醫述

元 程杏軒

徽州以黃山之秀,茂林修竹之盛,新安江水之利,自南宋以來,航運日興,經濟繁榮,手工業發達,人文蔚起。迄于明季,已成東南重鎮。產品之豐,文物之盛,字內名邑,難與其匹。然。其地缺鹽,因而取給于吾邑揚州。時揚地以鹽運關系,亦富甲天下,故徽、揚之來往益密,經濟文化交流,有唇齒相依之勢。明季徽人之旅揚者遂多,在揚行醫者亦多。

及于明末,北都淪亡,南都告警,將決於揚州一戰。時徽籍流寓吾揚者,多登運鹽船返裡避難。無何,揚州十日,凶渠多鐸屠城,居民瀕於絕跡矣。及至亂局敉平,首返揚州者,多數為徽人。入清,設安徽會館于南城,棟宇之廣,甲于眾會館。由是,徽俗之影響吾揚者益巨。以言文學藝術與科學技術,則關系尤深。乾、嘉之際,考據學盛興于東南,迄今學術界仍以戴、段、錢、王並稱。戴則皖人,王則揚人,而揚州之汪容甫、焦理堂、阮芸台諸先生,又與皖省人士互有影響。在藝術方面,揚州八怪之汪士慎、羅兩峰先生,均新安人;而懷寧鄧石如先生、涇縣包世臣先生,寓揚亦久,且對吾揚之書法篆刻,影響尤深。吾鄉吳讓之先生傳其法乳,後世常鄧、包、吳並稱,形成書法之一巨派。

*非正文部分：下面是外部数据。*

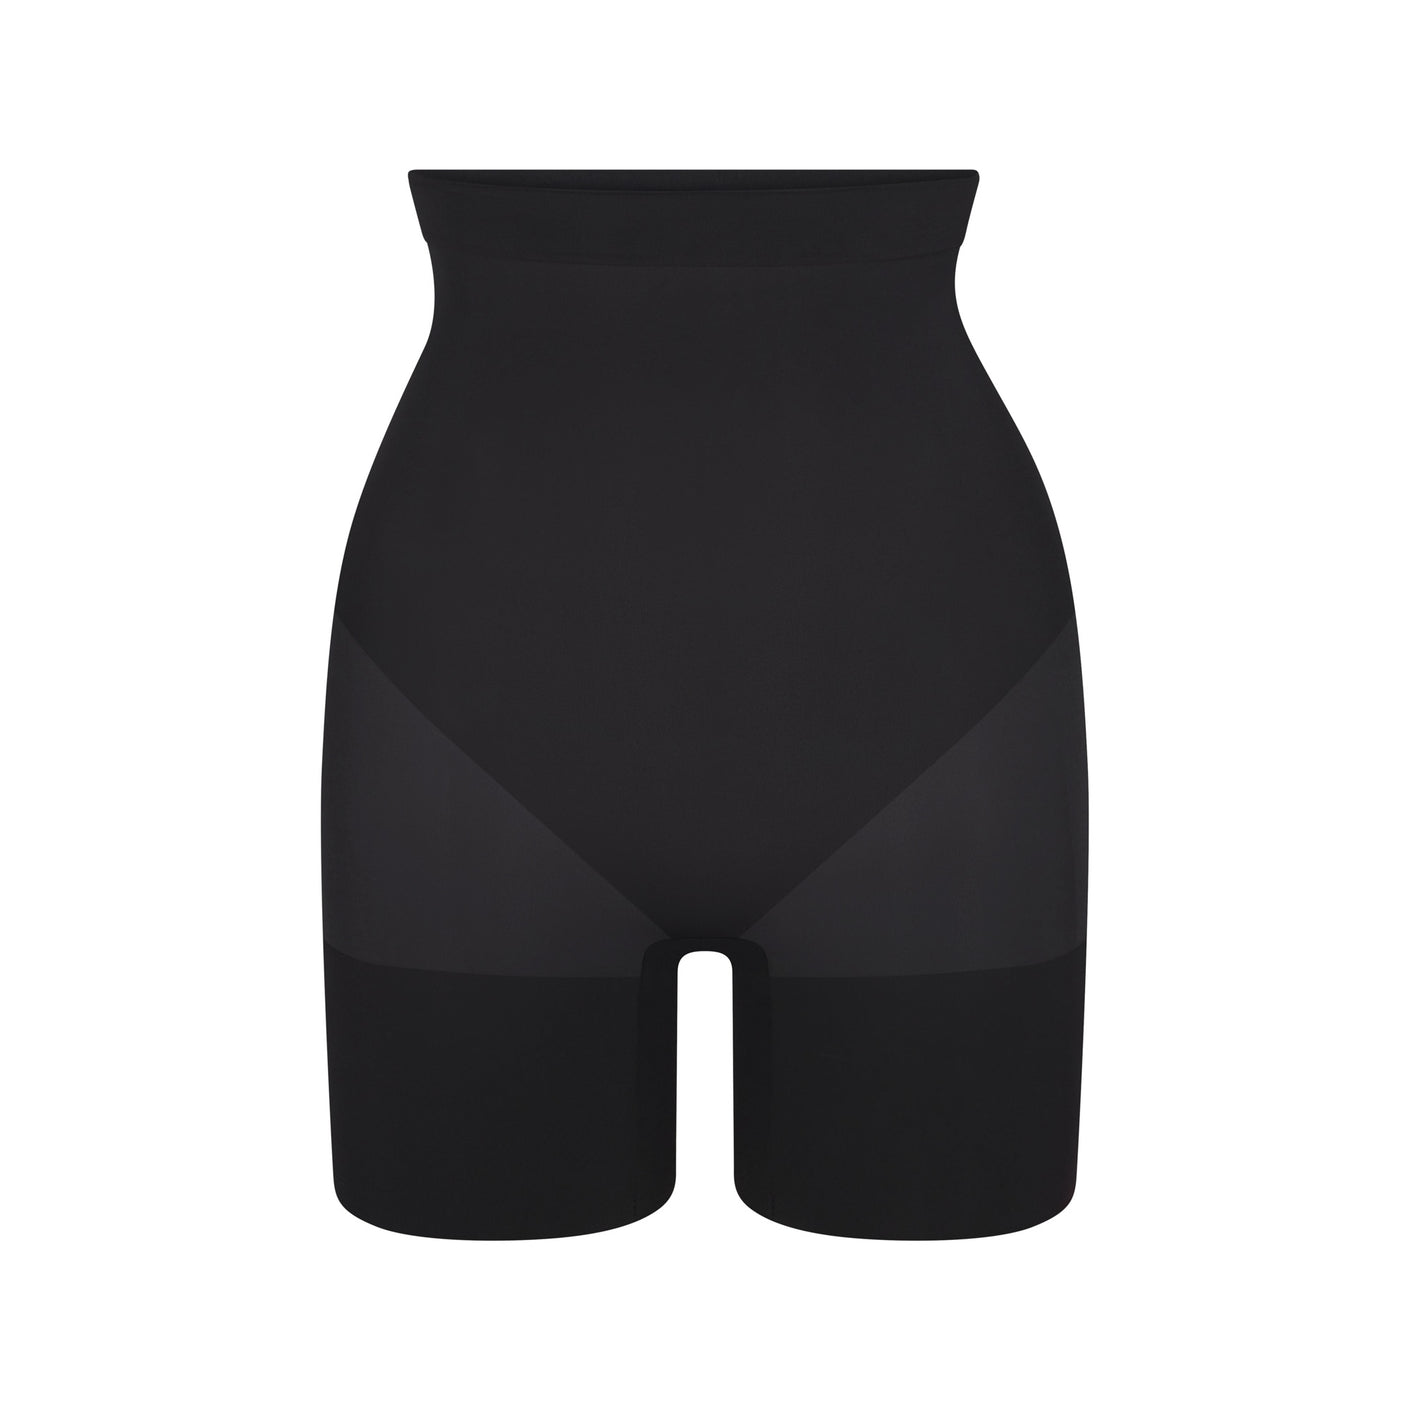 Buy SKIMS Black Soft Smoothing Shorts for Women in UAE

揚州十日後,醫界首返揚城者,即曾經寓揚之徽籍程雲來先生。先生於順治間即輯《醫學分法類編》于吾揚,其後之著作,若《聖濟總錄纂要》、《金匱直解》等,又多著筆或刊刻于廣陵。故新安程氏之醫學,影響于揚州者至深。雲來先生,當與《醫述》輯者為同族。

程杏軒先生,歙之飽學士,亦名醫也。既胸羅四部,又博極醫書,精於考據,乃刺取醫藥要言,編為《醫述》。其取舍甚精,由博返約。手此一篇,可無餘蘊矣。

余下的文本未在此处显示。